【Feature】 Tackling crop damage by wildlife – ripped fences are a headache for farmers (June 18, 2013)

A dairy farmer repairs the ripped fences in Shiranuka, Hokkaido. Monitoring and maintenance of fences are conducted twice a year in the district.

A dairy farmer repairs the ripped fences in Shiranuka, Hokkaido. Monitoring and maintenance of fences are conducted twice a year in the district.

 

Farmers’ efforts to prevent crop raiding by wild animals have often ended in vain despite a large amount of public funds and manpower put into them. The Japan Agricultural News reports on farmers in Hokkaido troubled by wild deer.

Thousands of kilometers of deer prevention fences, dubbed the “Great Wall of China,” are stretched around farmlands in the eastern part of Hokkaido. In Watenbetsu district of Shiranuka, Kazushi Ishiguro, a 58-year-old dairy farmer, is busy repairing the fences. “If you drive at night, you can see a herd of 20 to 30 deer lit up by headlights,” Ishiguro says. The deer enter farmlands through broken-down fences and settle down. Although a great amount of money and efforts were put into setting up fences, farmers are having a hard time maintaining them properly.

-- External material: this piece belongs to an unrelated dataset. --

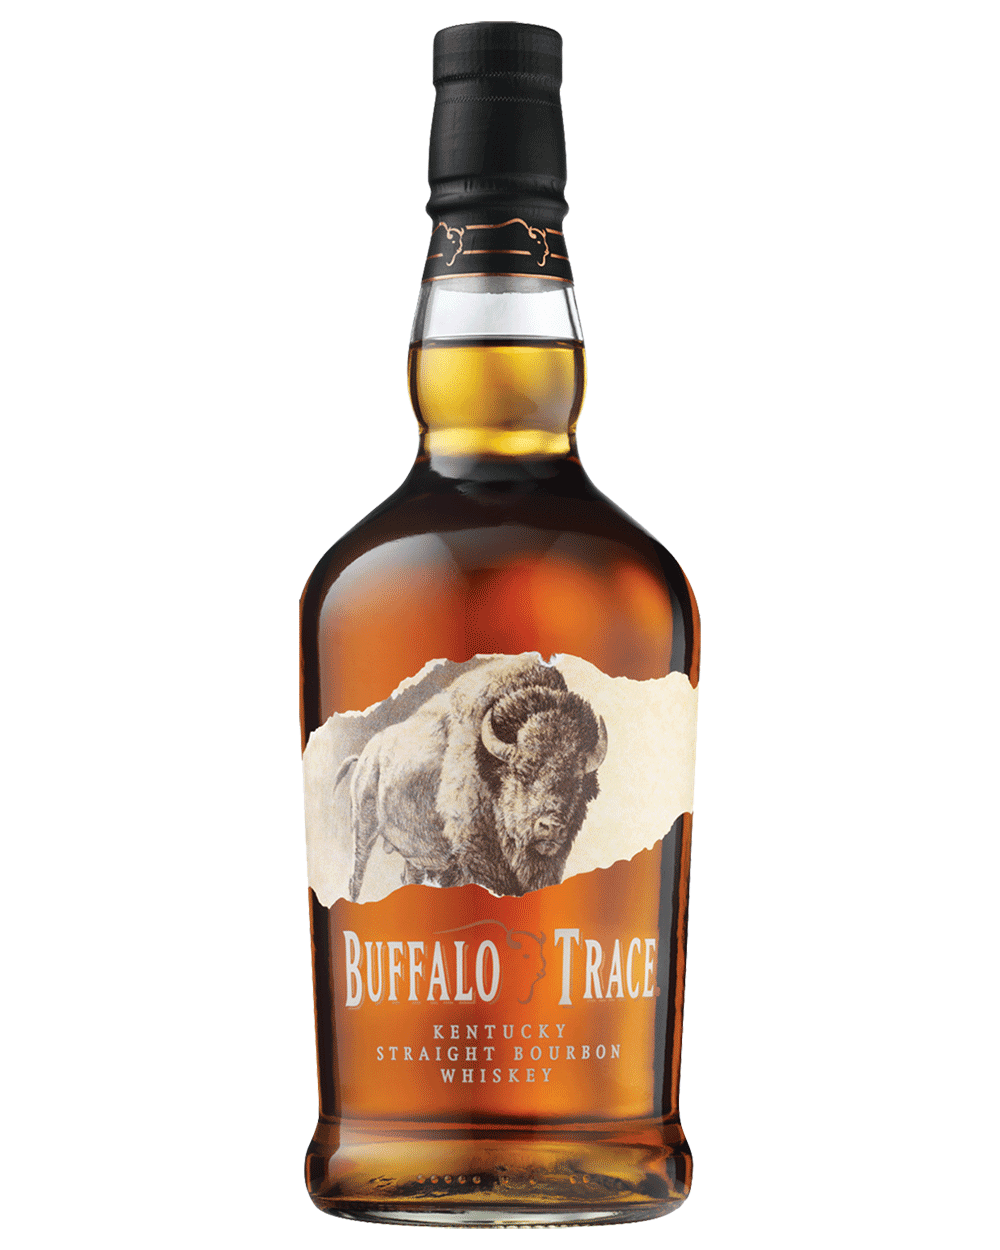 The Kentucky Buffalo Whiskey Bourbon – Straight Barrel Trace

In the five years until fiscal 2000, Shiranuka town spent 655 million yen for public works projects to set up 89 kilometers of iron fences and 240 kilometers of pasture fences with electric wires equipped on the upper part. As a result, damages on farmland such as pasture grasses, which used to mark 100 million yen a year, were reduced to 78 million yen in fiscal 2005. However, the effects did not last long. Damages soared again to 180 million in fiscal 2011.

Iron fences with a total length of 52 kilometers surround the mountainous district of Watenbetsu where dairy farming is widely practiced. Ishiguro, who maintains more than 20 kilometers of the fences with three other farmers, says with a bitter smile that they feel hopeless when they realize deer are actually breeding inside the fences.

Underbrush often covers electric fences, causing short circuits and rendering the fences useless, making it easy for deer to go over them in many places. Farmers organized a cooperative association to repair the fences, but as the number of farms is decreasing and each firm’s business is expanding, it is becoming more difficult to secure manpower for maintenance, said an official of Shiranuka municipal government.

In Hokkaido, setting up of 2 to 2.5 meter-high net fences began mainly as public works projects firstly in the eastern districts in fiscal 1995. In fiscal 2003, the total length topped 3,000 kilometers. Many of the fences have reached the end of their service life and need resetting or repairing, according to Hokkaido prefectural government’s agricultural policy planning department.

Meanwhile, increasing requests for setting up of fences are also coming from the western districts of Hokkaido where the number of deer is soaring. Hokkaido prefectural government used grants provided by the national government under the act on special measures for prevention of damage related to agriculture, forestry and fisheries caused by wildlife to set up new fences. The prefectural government spent roughly 1 billion yen in fiscal 2012, but this was only 80% of the requested amount. In response to continuing demands for new fences, the prefectural government plans to spend some 1.3 billion yen in fiscal 2013 for measures related to deer damage management.

Deer damage to crops continues to be a headache for farmers in Hokkaido. The losses due to deer damage amounted to 6.2 billion yen in fiscal 2011, up 5% from the previous year, accounting for 30 percent of the total damage nationwide. Deer captured in Hokkaido in fiscal 2011 totaled 135,000, marking a 24% rise from a year before. The endless battle of maintaining the expanding fences, with the total length reaching the length of the Japanese archipelago, has failed to have a decisive impact on reducing the damage.

Hiroyuki Uno, chief researcher at Hokkaido Research Organization’s Institute of Environmental Sciences, noted the problem lies in the fact that the government placed priority on the setting up of fences and that the maintenance of fences was left to farmers’ own responsibility. In order to increase the damage-reducing effect with limited budget, it is necessary to foster manpower specializing in planning effective setting and management of fences, Uno stressed.